Boston, New York and Pythagoras...

"Baseball is a game of inches." Conventional wisdom, handed down through the ages, that has an enormous amount of truth within. In fact, it's not just inches - it's millimeters and microseconds. There may be two feet difference between a home run and an out when a ball's 400 feet from home plate, but what was the difference when that ball contacted the bat. Is a 2 millimeter difference in the swing plane enough to change a long fly ball into a home run, or vice versa? Is a 500 us difference in the swing start time enough to do it?

Baseball is a game of skill, without a doubt. A game of reflexes and quickness and strength.

And it's a game of luck. People resent the term in this context, but it's there, and there's no other way to describe it. There's variation in everything - when the variations help it's good luck, when they hurt, it's bad luck. There's a lot of luck that goes into a season, a game, an inning. Pitcher A gives up BB, H, K, K, HR, K, and he's given up 3 runs. Pitcher B give up HR, K, BB, K, H, K and he's given up 1 run. With an identical performance. It's the luck of the draw that the HR hitter came up with 2 on for pitcher A and none on for pitcher B. And it happens with hitters. How many screaming line drives have you seen caught be a fielder? If you've watched baseball at all you've certainly seen it. While a bloop falls in for a double. Excellent execution is no guarantee of a good result, nor bad execution of a bad one. Or two teams play a 4 game series, and one team wins 13-2 and 12-4, then loses 2-1 and 6-5. Over the series, the first team played better baseball, but ended up with a split. On any given day, the better team just cannot consistently "impose its will" on another.

A .500 team is one that can be expected to win half of its games. Do a simulation on a 50/50 team for 162 games, and you'll see 64-98, 98-64, and everything in between. Due to chance. Luck.

Over the course of 162 games, we expect the luck to even out, and to a large extent, it does. Most of the time, the teams that make the post-season are, objectively, good, and the teams that finish at the bottom are, objectively, bad. But there's reason to be skeptical that one team finishing 5 games ahead of another is necessarily a better team. It may be, but it may not. There's a certain amount of randomness involved. Does anyone think that the 2004 Red Sox would beat the 2004 Cardinals 162 straight times? Of course not, but over the course of 4 games, that's what the sample looks like. Is there any doubt that the 2004 Boston Red Sox were objectively better than the 2004 Baltimore Orioles? No, and yet the Orioles won 10 of their 19 meetings.

This is background for the point I want to make, which is this: the 2004 Boston Red Sox were a significantly better team than the 2004 New York Yankees.

Before I demonstrate that, I want to describe one tool and one myth.

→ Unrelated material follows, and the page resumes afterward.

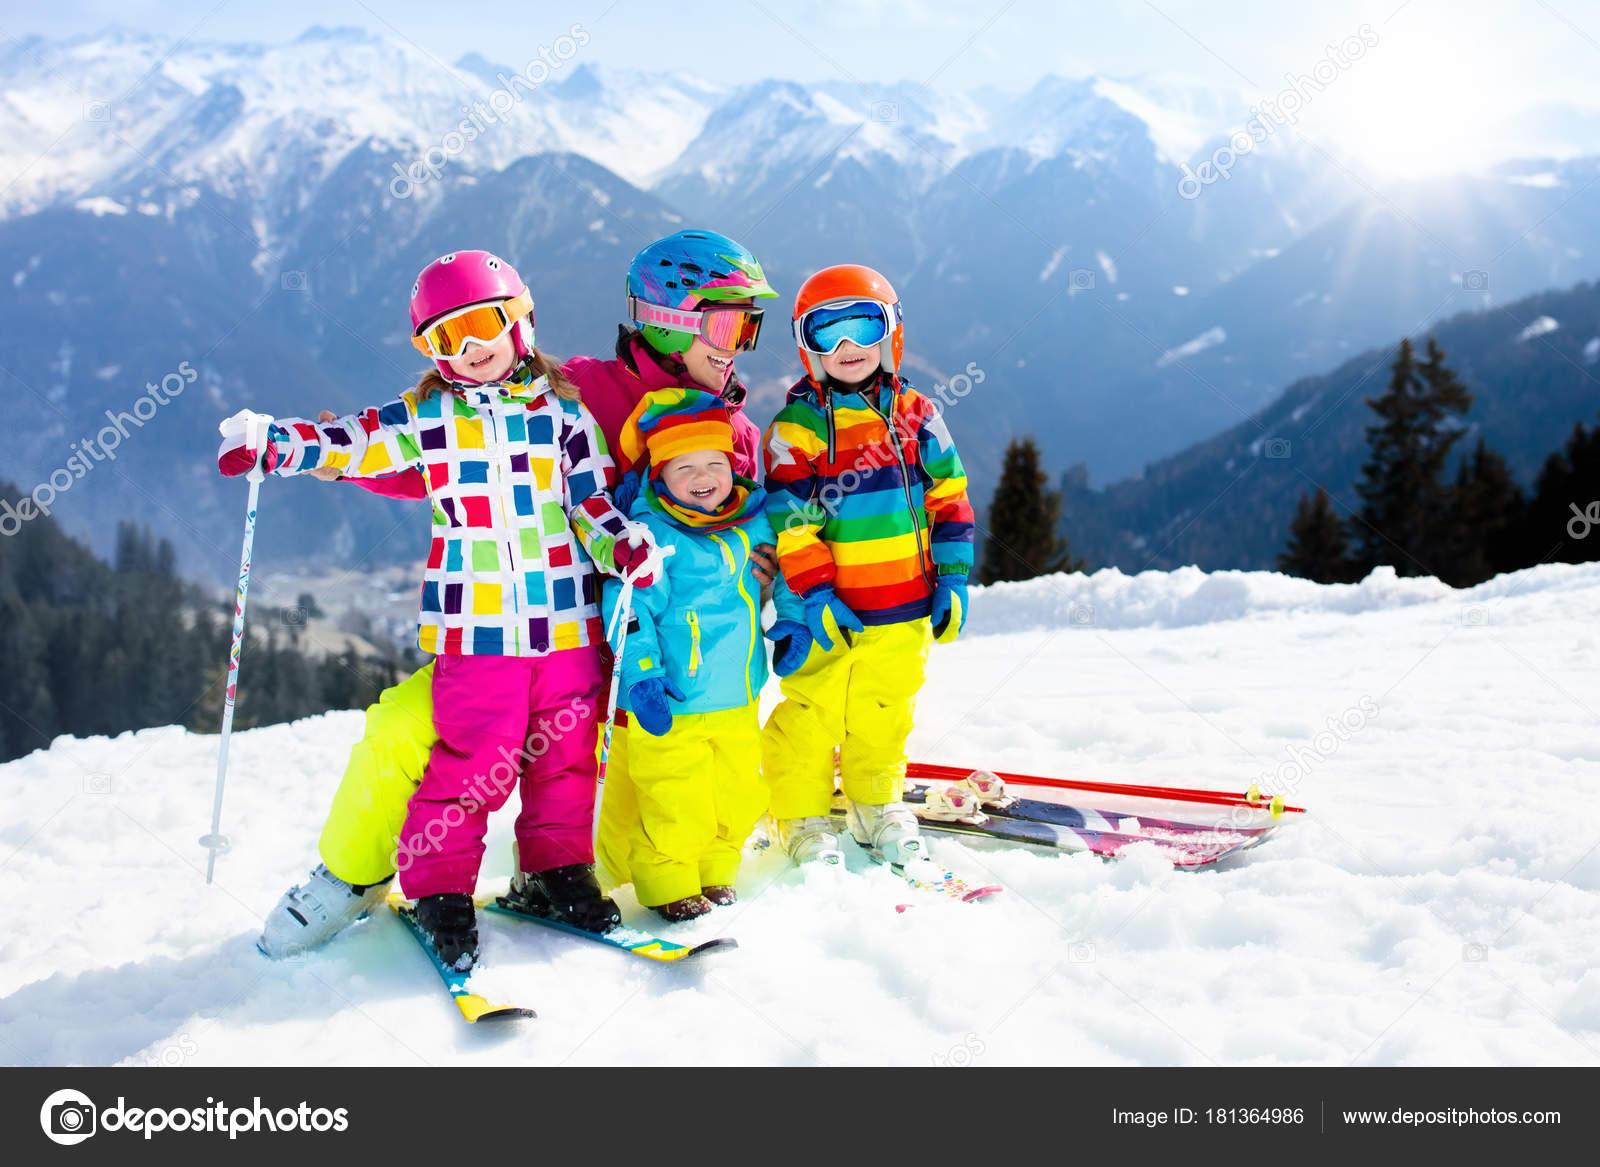 b3c689c9d430 Family ski vacation. Winter snow sport for kids. — Stock Photo ...

One of the early baseball analysis tools that Bill James provided was the discovery of the mathematical relationship between runs scored, runs allowed and winning percentage. Looking at what teams had done over the history of baseball, he found that the actual winning percentage of a team was, in almost all cases, approximated by (Runs ^ 2) / ((Runs ^ 2) + (Runs Allowed ^ 2)). Because this resembled the Pythagorean relationship between the sides of a right triangle, he dubbed it the "Pythagorean" winning percentage, and it's been used by many people ever since as a metric to take some of the luck out of team records. (Note: actually using 1.83 as the exponent, which produces closer results, on average, than 2).

It is a common tenet of baseball wisdom that "good teams win the close games." It is also, like many of the common tenets of baseball wisdom, false. When the issue has been studied, it was found that good teams win blow-outs. Good teams do win more close games than bad teams, but that's because good teams win more games of every type than bad teams. The 3 teams with the best records in baseball last year all had lower winning percentages in 1-run games than they did overall. Boston, which won over 60% of it's games, was 16-18 in games decided by 1 run. The Tampa Bay Devil Rays had a better record in 1-run games than Boston did.

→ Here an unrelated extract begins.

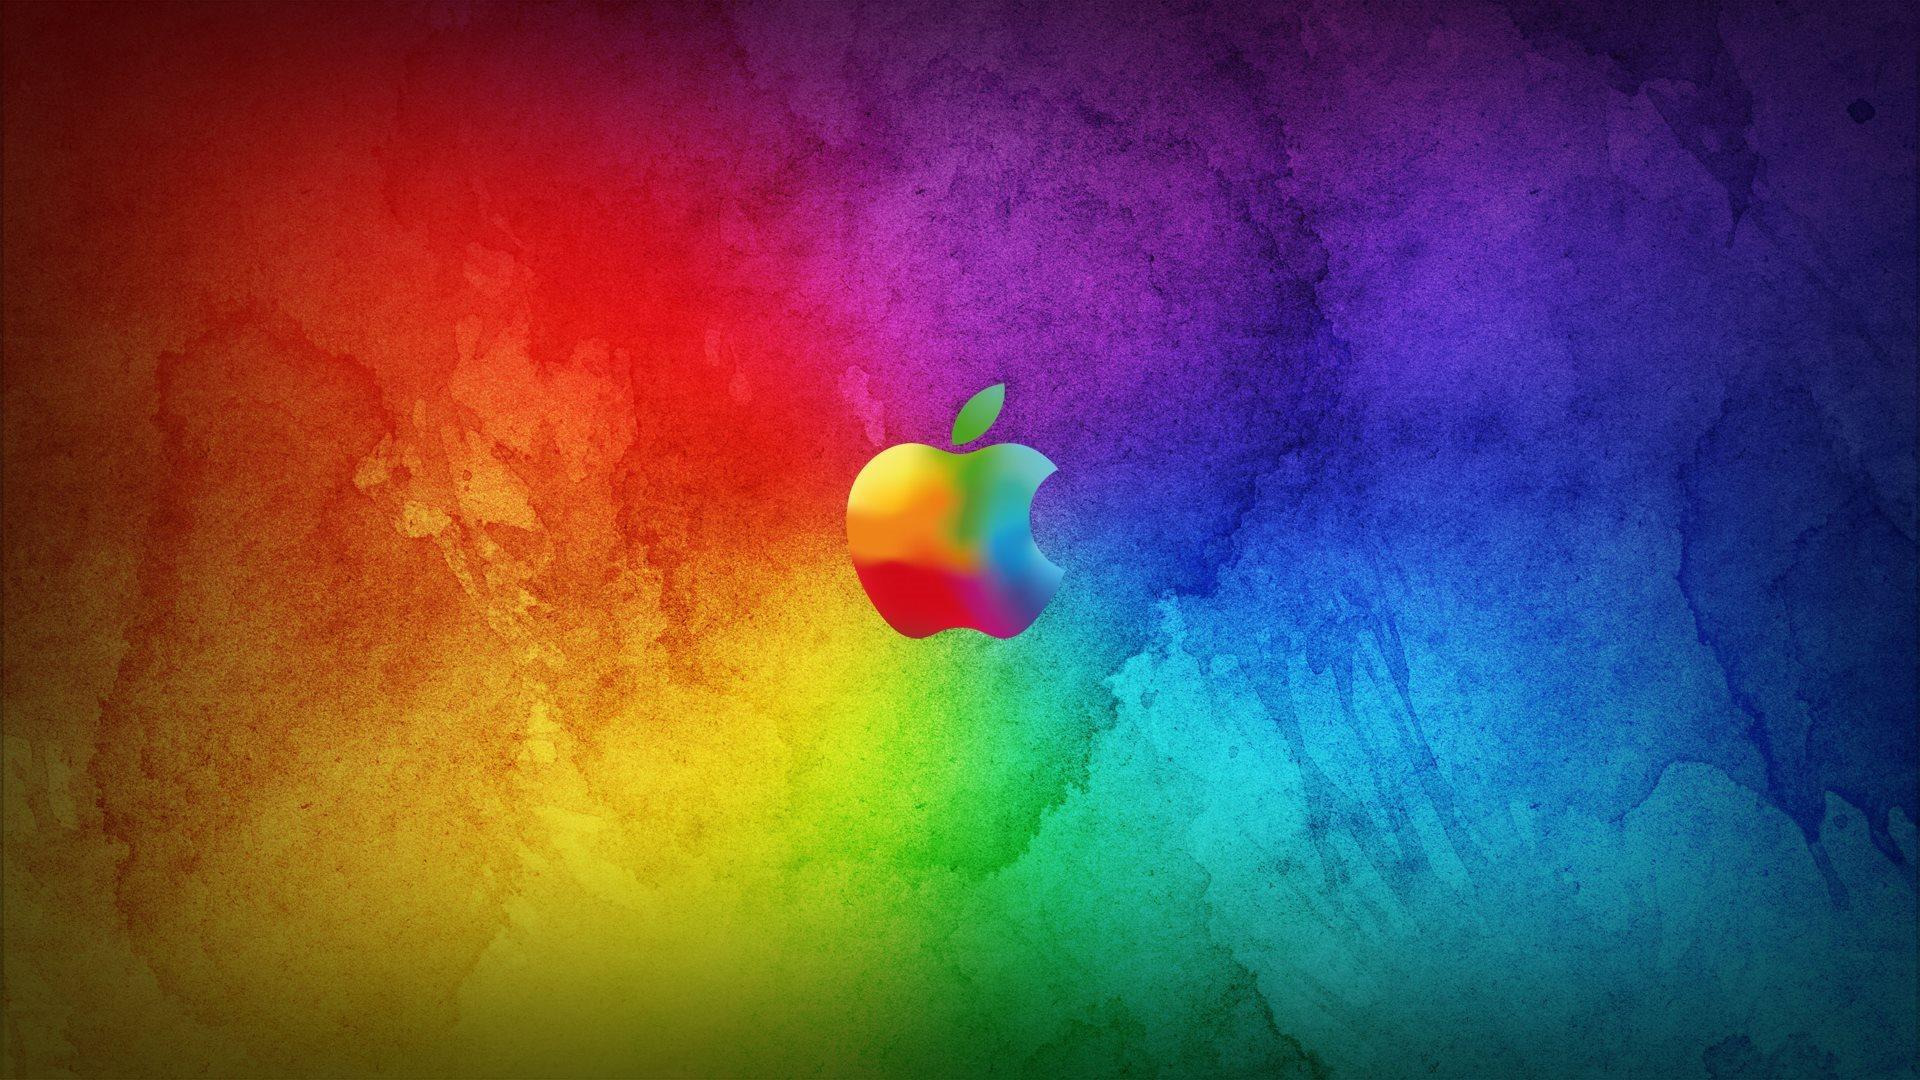 Apple Logo Wallpapers Desktop HD Wallpaper of Logo   hdwallpaper2013 1920x1080

A study by David Smith available at retrosheet determined that "it seems reasonable to conclude that, while 1-Run games may provide good theater, they are not especially good predictors of ultimate team success." Bill James, in a column available at Diamond Mind, concluded that "one-run games involve a huge amount of luck. This may be the only safe statement that can be made about them."


So let's look at the 2004 Red Sox vs. the 2004 Yankees.

The Red Sox scored more runs, largely on the strength of their ballpark being more conducive to run-scoring. They were, park-adjusted, comparable teams. But the Red Sox also allowed fewer runs, demonstrating much better pitching. The Red Sox outscored their opponents by 181 runs, more than twice the Yankee differential of 89.



Boston - New York - 2004
WL%ScoredAllowedPyth %Pyth W"Luck"

Boston98640.6059497680.59696.551.45

New York101610.6238978080.54888.7812.22


Yes, the Yankees won 3 more regular season games than the Red Sox did. The question is, is that result representative of the relative quality of the teams? I don't think so. Obviously, in terms of runs scored/runs allowed differential, the Red Sox were a significantly better team than New York. There are a couple of other indicators.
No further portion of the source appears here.